No question has been raised as to the competency of the deceased at the time of the execution of the will of December 19, 1955; no question has been raised as to its due execution. The question as to the regularity of the probate is not before the court. The petitioner was present at the taking of proof on the probate, represented by an attorney who participated in the examination of the subscribing witnesses, and has had the advantage of every legal right to which a prospective contestant could have had. He was aware of all the facts set forth in his affidavit at the time of the probate proceeding and ample opportunity has been afforded to him to establish the basis of this proceeding.

The Surrogate accordingly determines upon the merits that the petitioner has failed to establish a basis in fraud, misrepresentation, coercion, or on any other ground for setting aside the waiver of citation and consent to the probate of the will dated December 19, 1955, which waiver was duly executed by him on the 3d day of February, 1958, said will having been admitted to probate on October 24, 1958.

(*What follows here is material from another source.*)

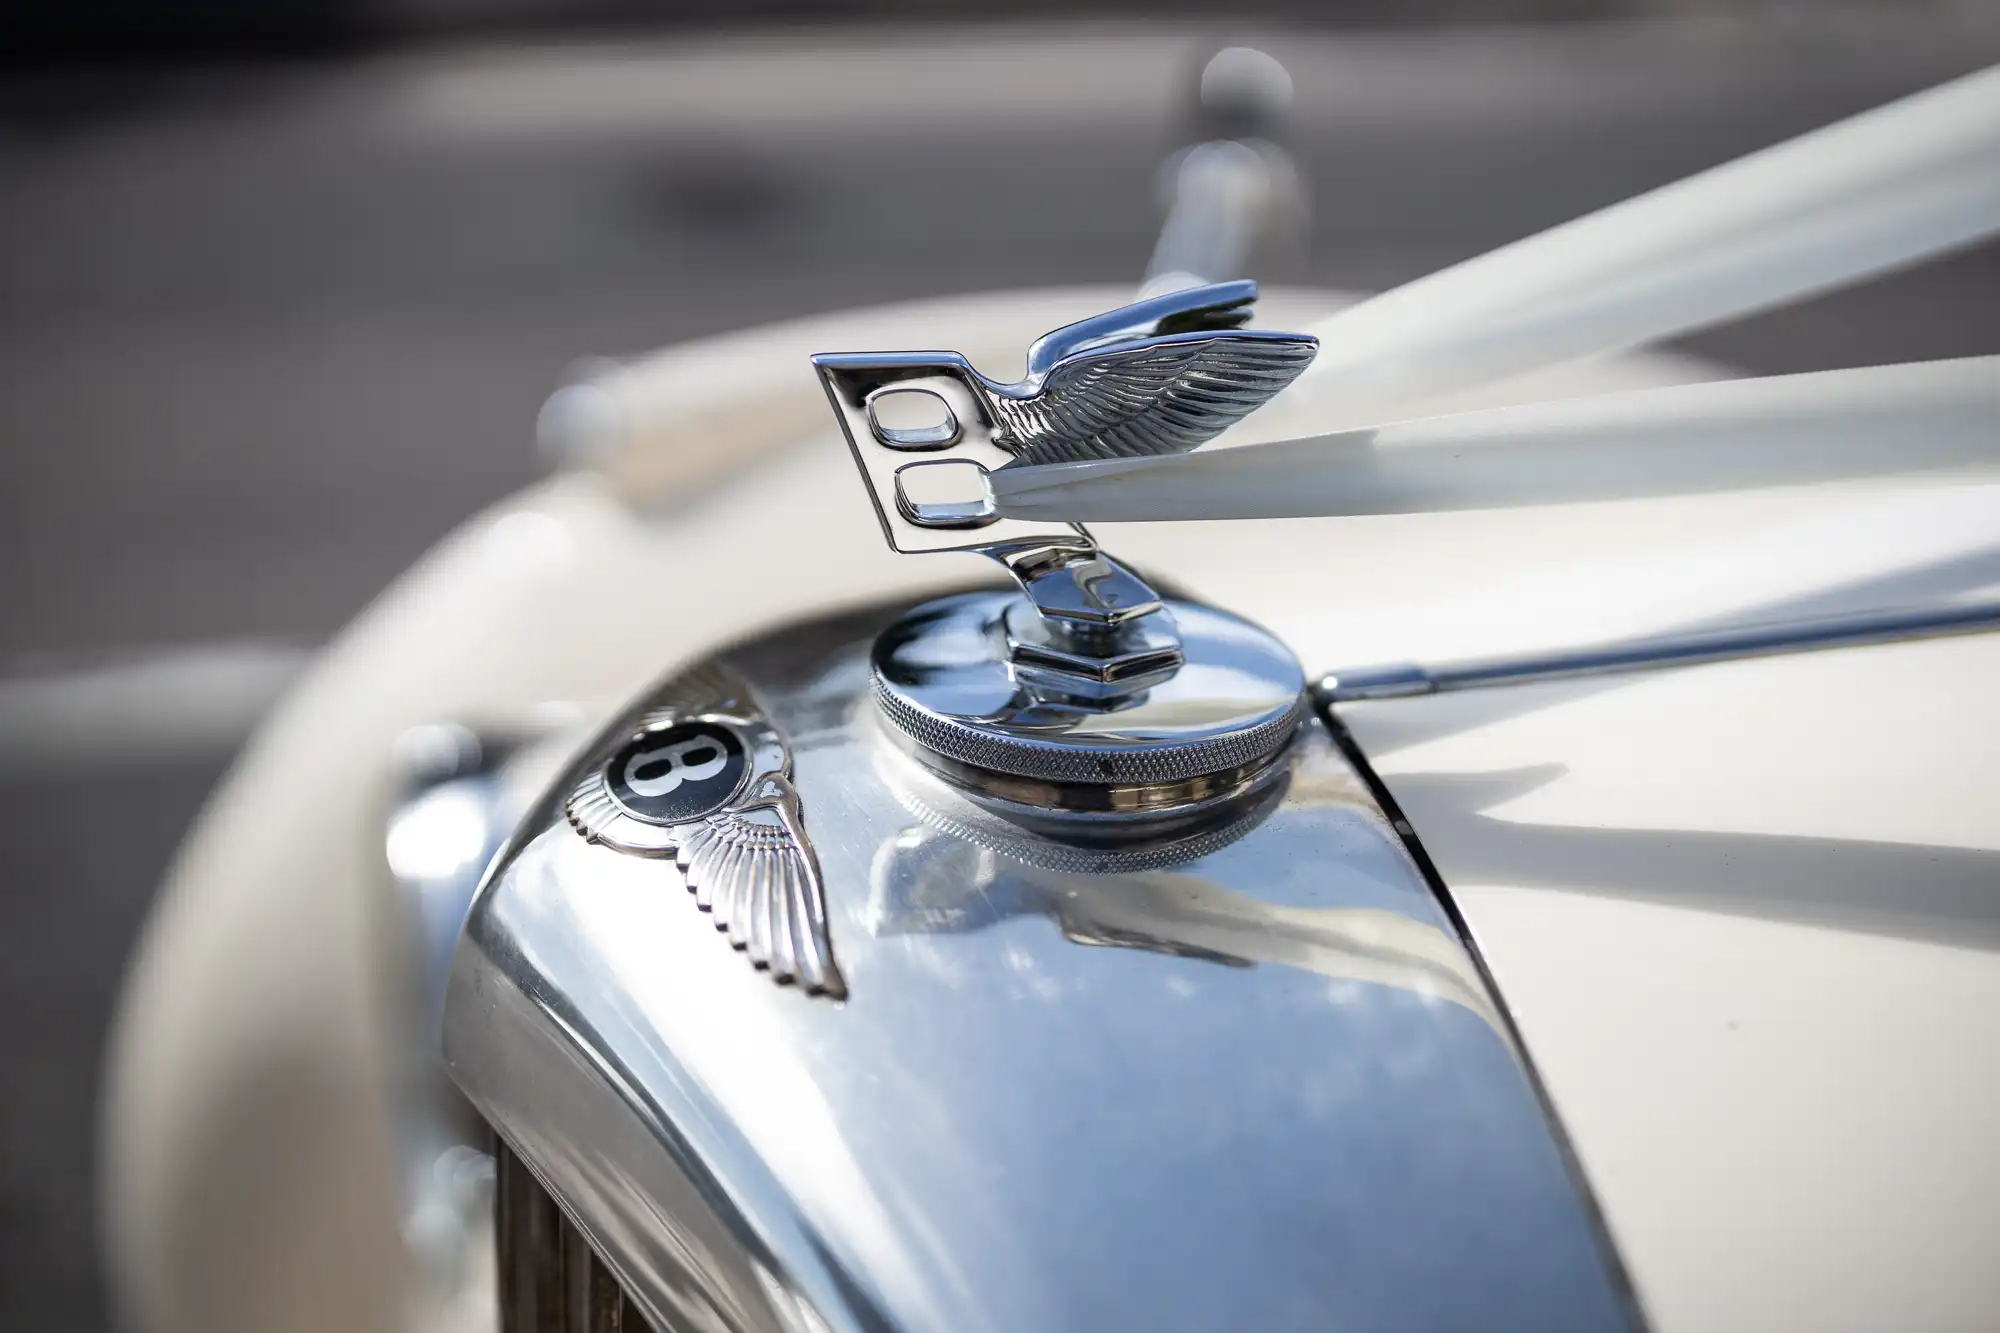 Close-up of a Bentley car's hood ornament and logo, featuring a pair of wings and the letter B, mounted on a chrome grille of a vintage car.

The application of the petitioner is accordingly denied and his petition dismissed.

The court having determined that there was no fraud perpetrated in the execution of the waiver of citation and the petition having been dismissed, it is unnecessary for the court to make a determination of the question of laches raised by the respondent on oral argument in this proceeding, nor is it necessary for the court to determine whether the petitioner has shown facts sufficient to afford a substantial basis for a contest and reasonable probability of success.

Let decree be entered accordingly, on notice, denying petitioner’s application, and dismissing the petitioner’s petition, without costs.